Grant served as acting commander of the Australian Mounted Division from 15 December 1917 to 2 January 1918.

During the raid on Es Salt in May 1918, Grant's 4th Light Horse Brigade was given the task of guarding the flank. When the plan failed, it was on his brigade that the main Turkish blow fell. The light horsemen fought hard but the Turks subjected them to fierce artillery and machine gun fire, and were able to drive them from their positions. Grant managed to avoid being overrun, and was able to withdraw by night without issue. Nine of the twelve British guns supporting the brigade were lost. Grant was blamed for the loss of the guns and for faulty defensive positions.

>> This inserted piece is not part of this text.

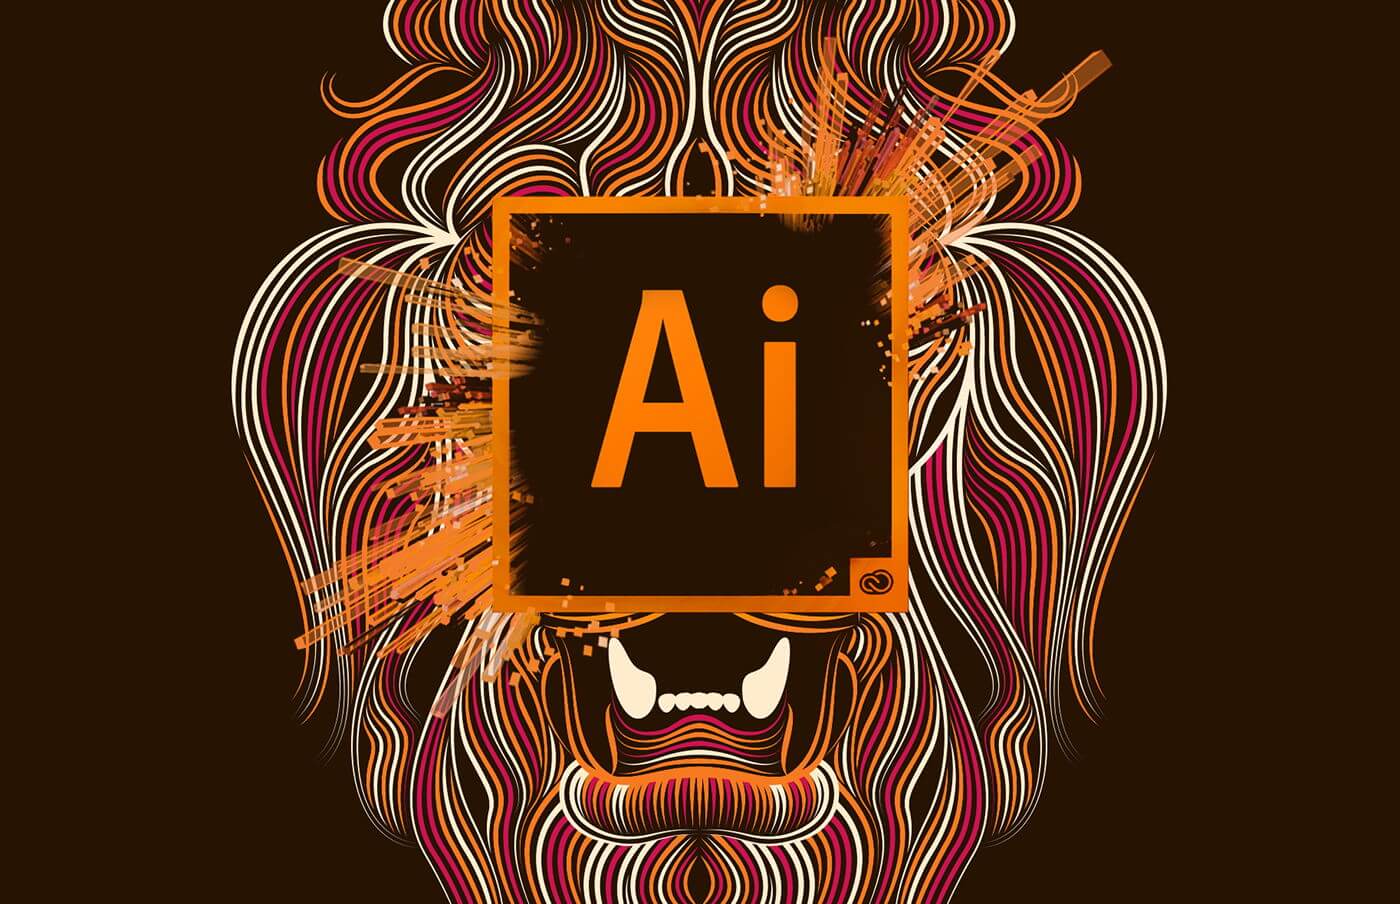 fonts adobe illustrator download

In his final campaign, Grant was ordered to capture the town of Semakh, on the southern shores of Lake Tiberias. With only half his brigade available, Grant surprised the defenders with a quick night approach and a moonlight assault with drawn swords. Grant used his machine guns to reduce the enemy's fire. The garrison, half of whom were Germans, fought hard and the light horsemen had to fight from building to building, but the town was eventually captured.

Grant commanded the Australian Mounted Division from 8 November 1918 to 24 December 1918. For his services, he was made a Companion of the Order of St Michael and St George (CMG) in the 1919 New Year Honours.

==Post war==
Grant embarked for Australia on 29 April 1919, where he commanded the 1st Cavalry Brigade from 1920 to 1925. He retired from the Army in 1928.

After the war Grant returned to his property at Bowenville but he sold it in 1931 and moved to Brisbane. Then in 1934 he purchased another property near Dirranbandi in southern Queensland.

William Grant died suddenly from a heart attack on 25 May 1939 and was cremated with full military honours in Brisbane.